- The problem -
Could you set down the listing below exactly, leaving out its pictures?

- Supplied data -
'''
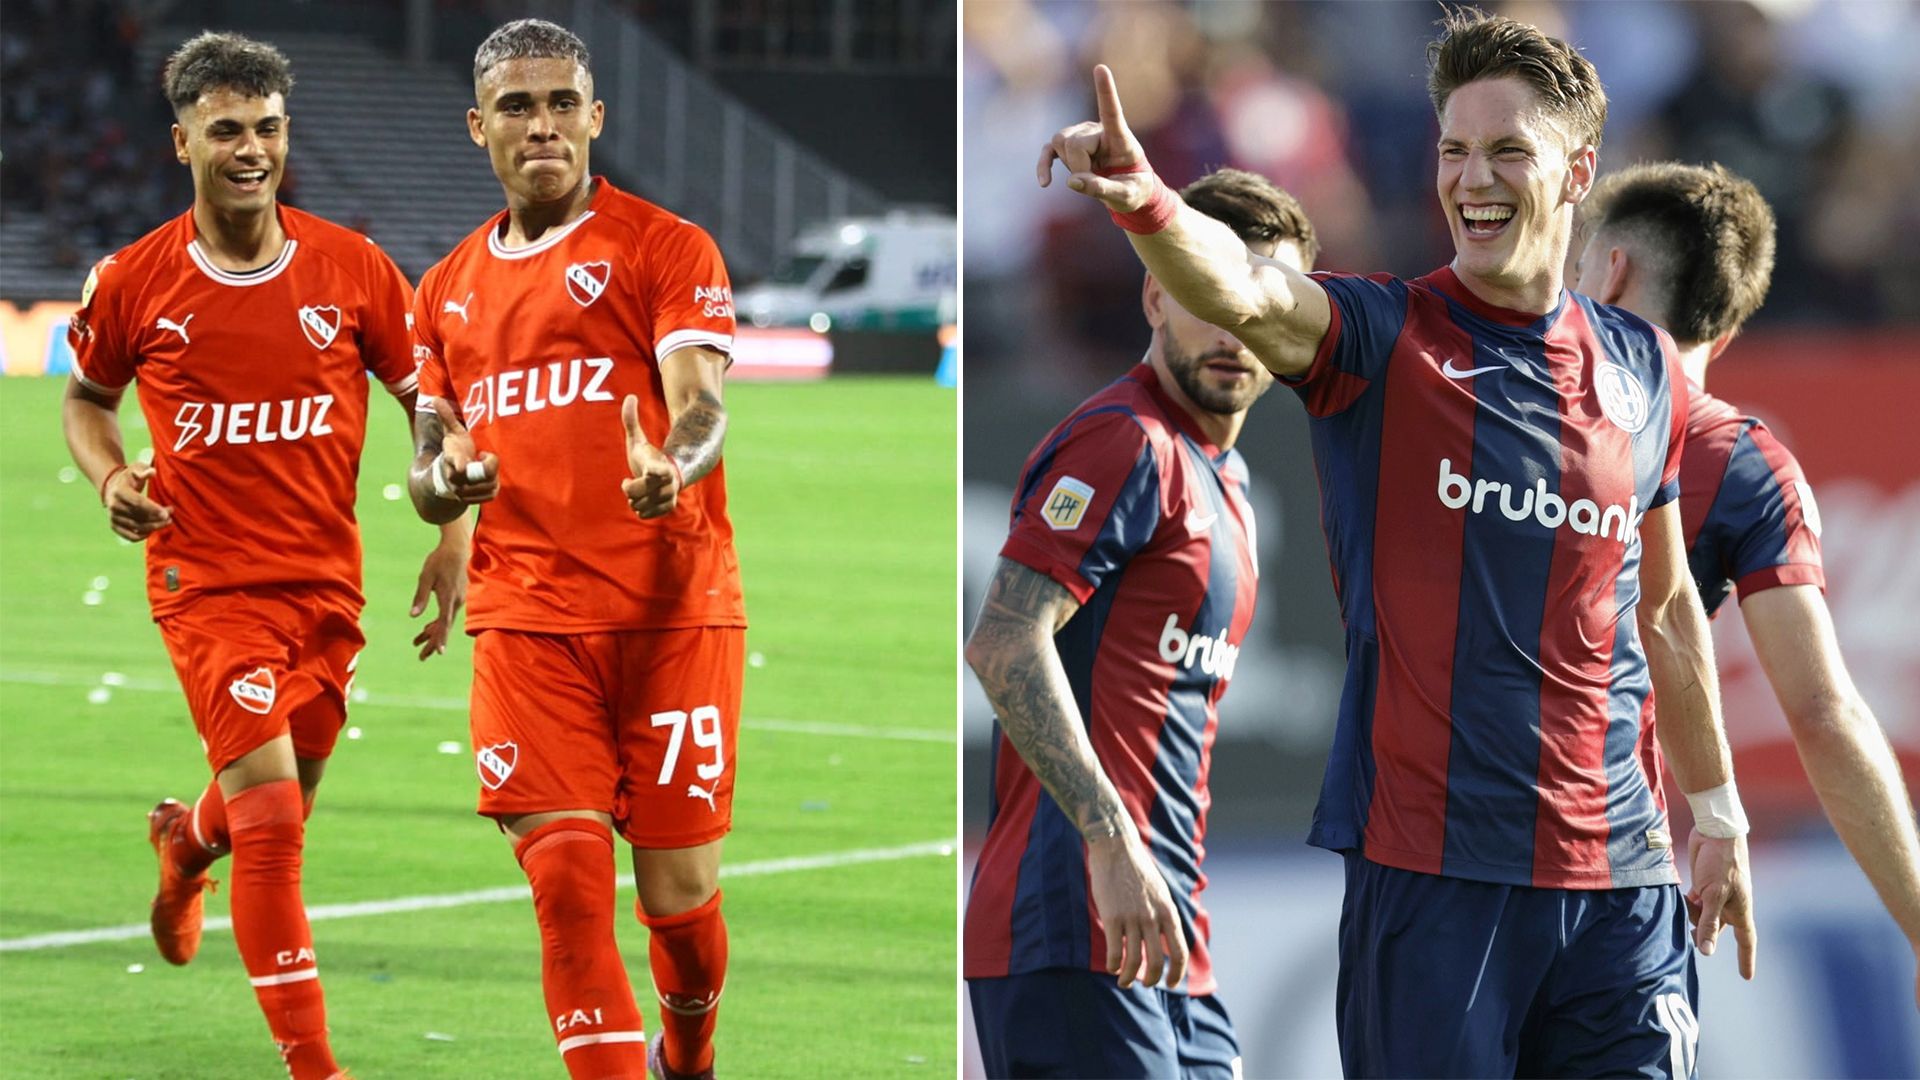 Liga Profesional: Independiente venció a Talleres y San Lorenzo superó a Arsenal
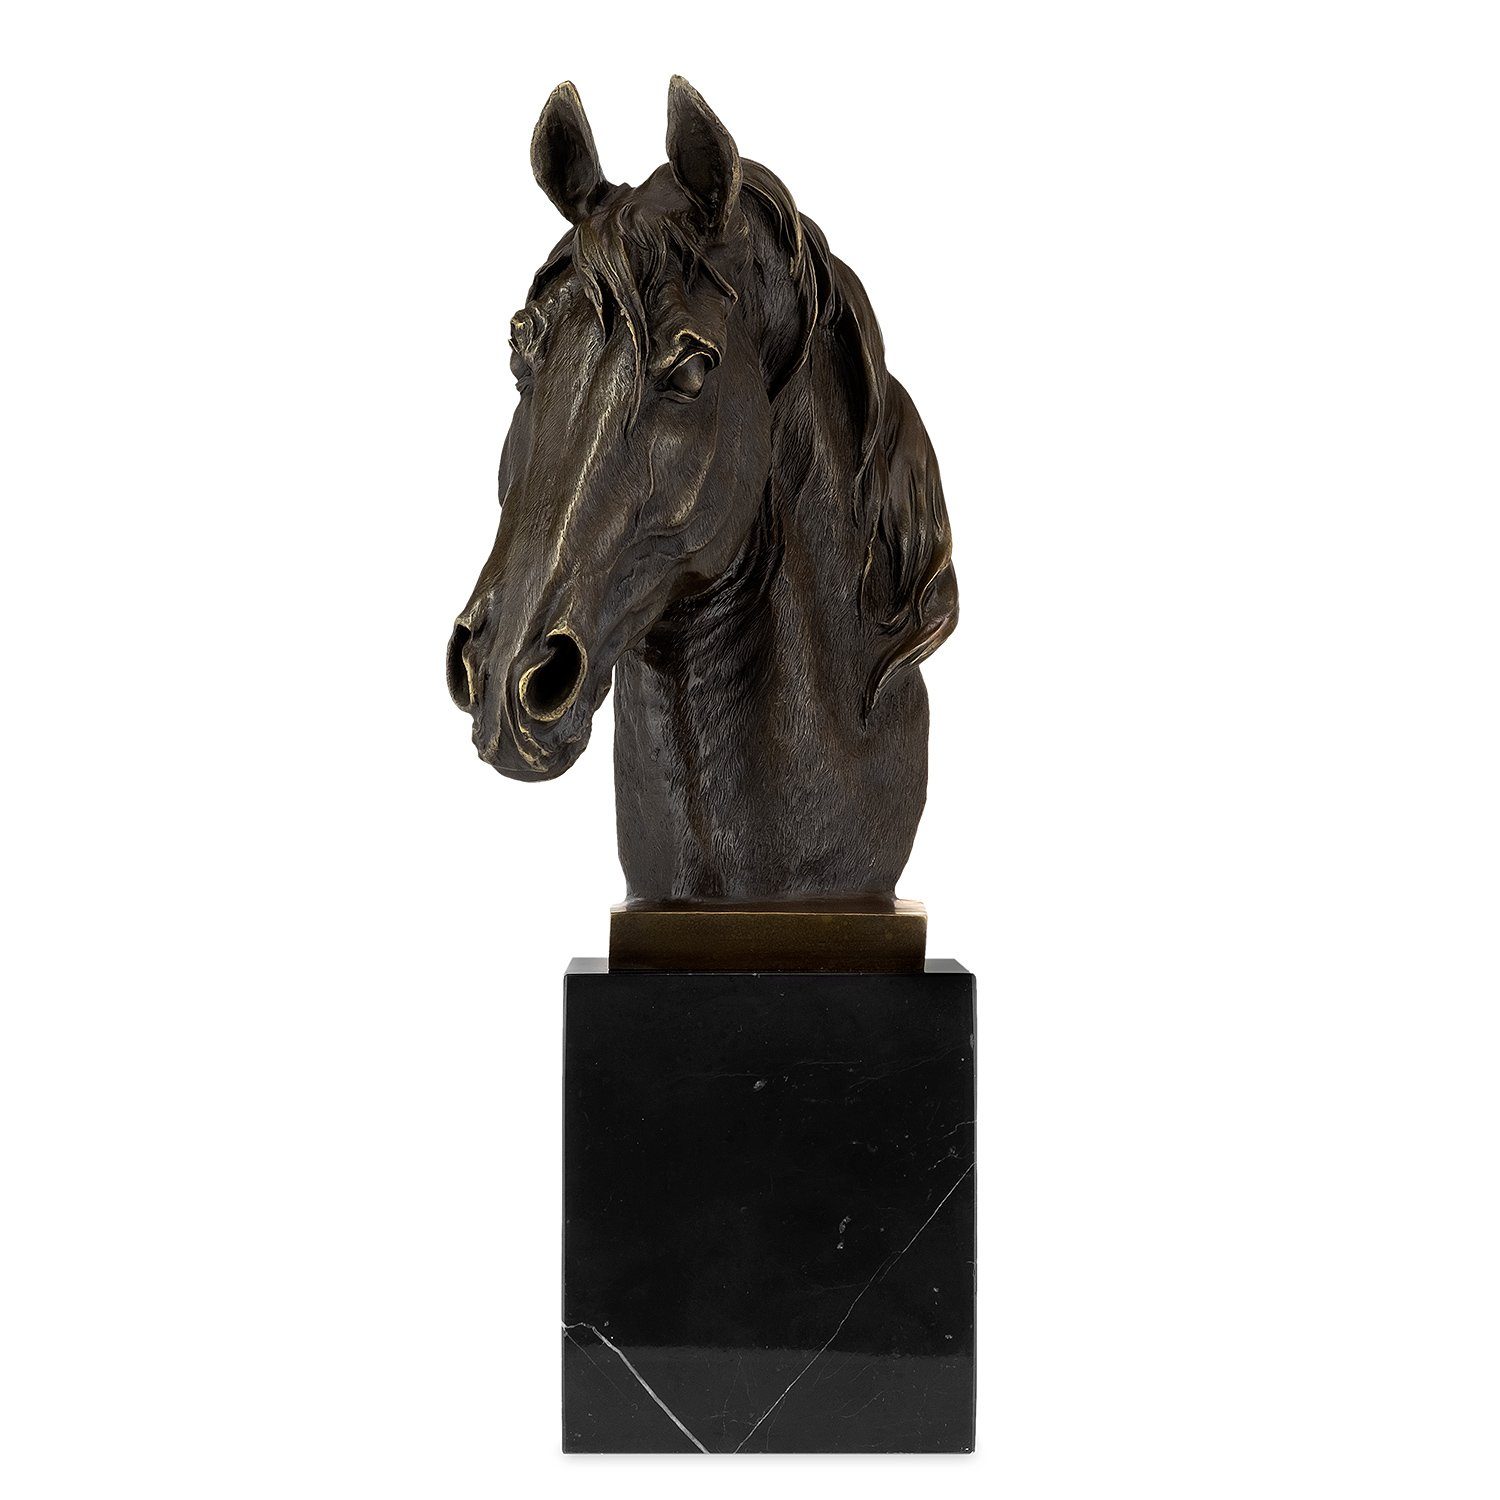 Moritz Dekofigur Bronzefigur Pferdekopf, Schreibtisch Skulptur Vitrine Bronzefigur Figuren Regal für Deko
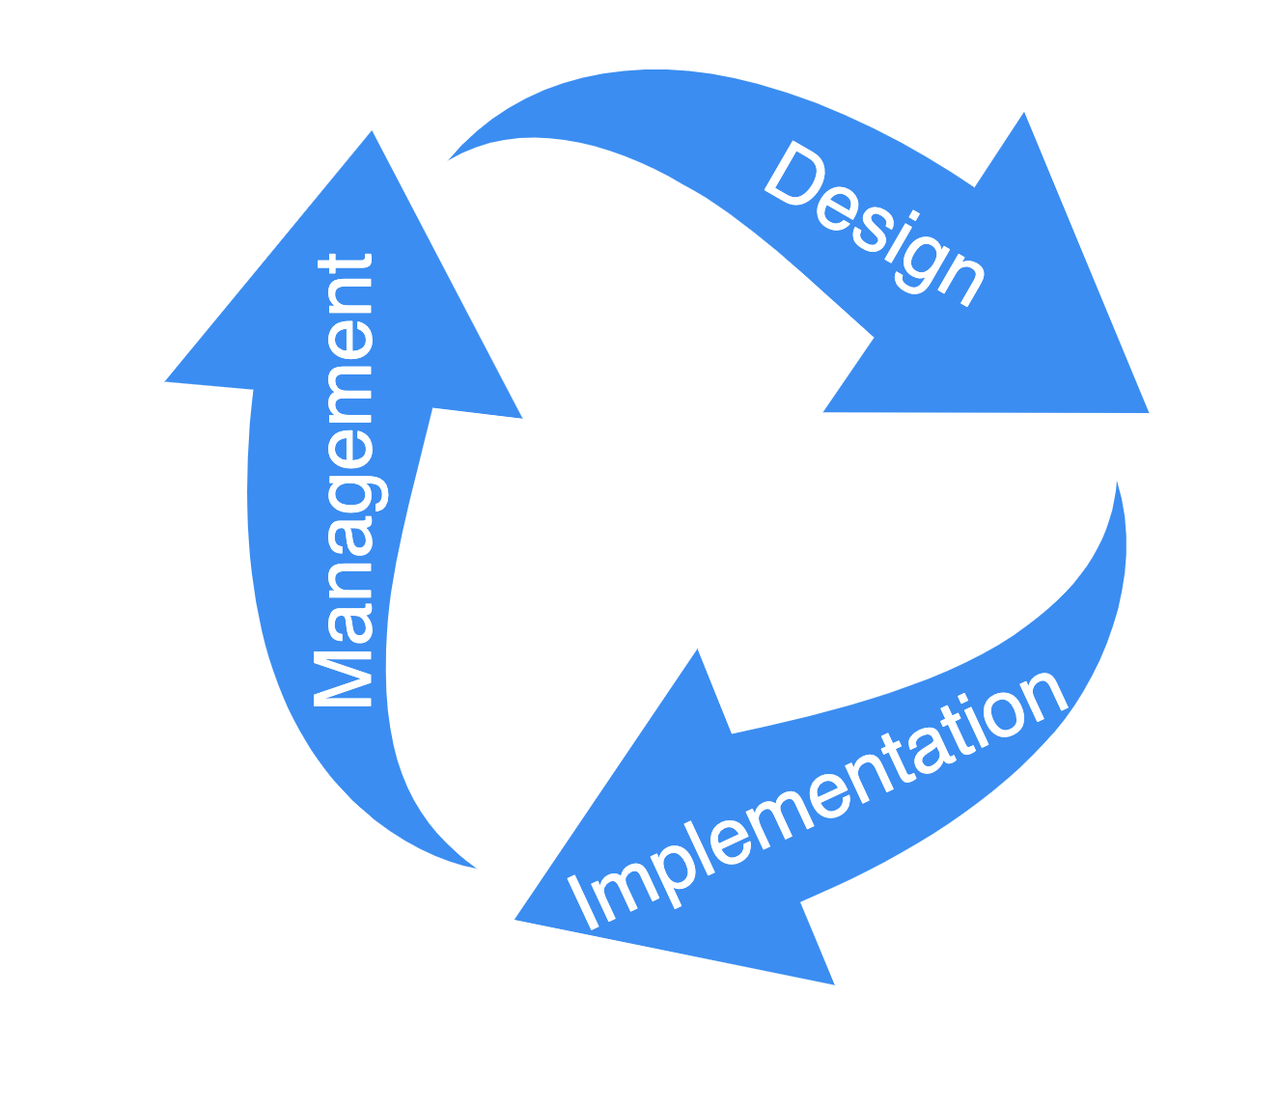 API Full Lifecycle Management
'''
- Task response -
 Liga Profesional: Independiente venció a Talleres y San Lorenzo superó a Arsenal
 Moritz Dekofigur Bronzefigur Pferdekopf, Schreibtisch Skulptur Vitrine Bronzefigur Figuren Regal für Deko
 API Full Lifecycle Management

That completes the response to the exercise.